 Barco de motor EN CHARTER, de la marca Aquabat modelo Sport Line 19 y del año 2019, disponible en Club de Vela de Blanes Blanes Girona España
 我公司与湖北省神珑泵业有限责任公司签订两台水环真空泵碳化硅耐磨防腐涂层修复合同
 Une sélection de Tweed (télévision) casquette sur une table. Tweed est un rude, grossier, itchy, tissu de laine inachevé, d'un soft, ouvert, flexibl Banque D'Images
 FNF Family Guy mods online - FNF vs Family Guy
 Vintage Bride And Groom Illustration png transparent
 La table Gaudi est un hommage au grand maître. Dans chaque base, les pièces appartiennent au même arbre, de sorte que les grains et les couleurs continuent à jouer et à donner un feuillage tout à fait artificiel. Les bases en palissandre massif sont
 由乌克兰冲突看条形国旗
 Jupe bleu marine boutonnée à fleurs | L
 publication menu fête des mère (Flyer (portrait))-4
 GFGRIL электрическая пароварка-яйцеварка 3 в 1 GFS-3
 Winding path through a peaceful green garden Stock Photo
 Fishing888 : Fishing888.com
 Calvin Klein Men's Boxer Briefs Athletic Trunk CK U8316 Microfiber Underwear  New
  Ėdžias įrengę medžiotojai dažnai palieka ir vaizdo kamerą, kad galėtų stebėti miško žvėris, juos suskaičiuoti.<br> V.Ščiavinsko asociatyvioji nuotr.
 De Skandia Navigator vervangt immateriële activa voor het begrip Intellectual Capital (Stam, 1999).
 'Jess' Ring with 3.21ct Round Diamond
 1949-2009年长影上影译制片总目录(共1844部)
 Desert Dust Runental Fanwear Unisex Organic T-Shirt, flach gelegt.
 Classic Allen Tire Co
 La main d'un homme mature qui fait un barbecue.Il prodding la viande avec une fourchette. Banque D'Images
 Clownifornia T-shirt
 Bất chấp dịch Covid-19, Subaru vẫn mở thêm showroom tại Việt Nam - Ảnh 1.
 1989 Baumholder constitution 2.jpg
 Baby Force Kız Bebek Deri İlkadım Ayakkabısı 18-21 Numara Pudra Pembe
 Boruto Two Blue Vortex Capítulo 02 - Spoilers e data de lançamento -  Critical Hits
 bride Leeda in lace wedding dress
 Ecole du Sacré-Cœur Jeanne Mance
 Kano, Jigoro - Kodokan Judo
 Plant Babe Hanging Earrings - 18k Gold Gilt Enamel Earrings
* * * * *
*Requirement*: Within the data above, the span starting at the line containing "Vintage Bride And" and ending at the line containing "La table Gaudi" is to be retyped exactly, with no other lines.

*Output for this exercise*:
 Vintage Bride And Groom Illustration png transparent
 La table Gaudi est un hommage au grand maître. Dans chaque base, les pièces appartiennent au même arbre, de sorte que les grains et les couleurs continuent à jouer et à donner un feuillage tout à fait artificiel. Les bases en palissandre massif sont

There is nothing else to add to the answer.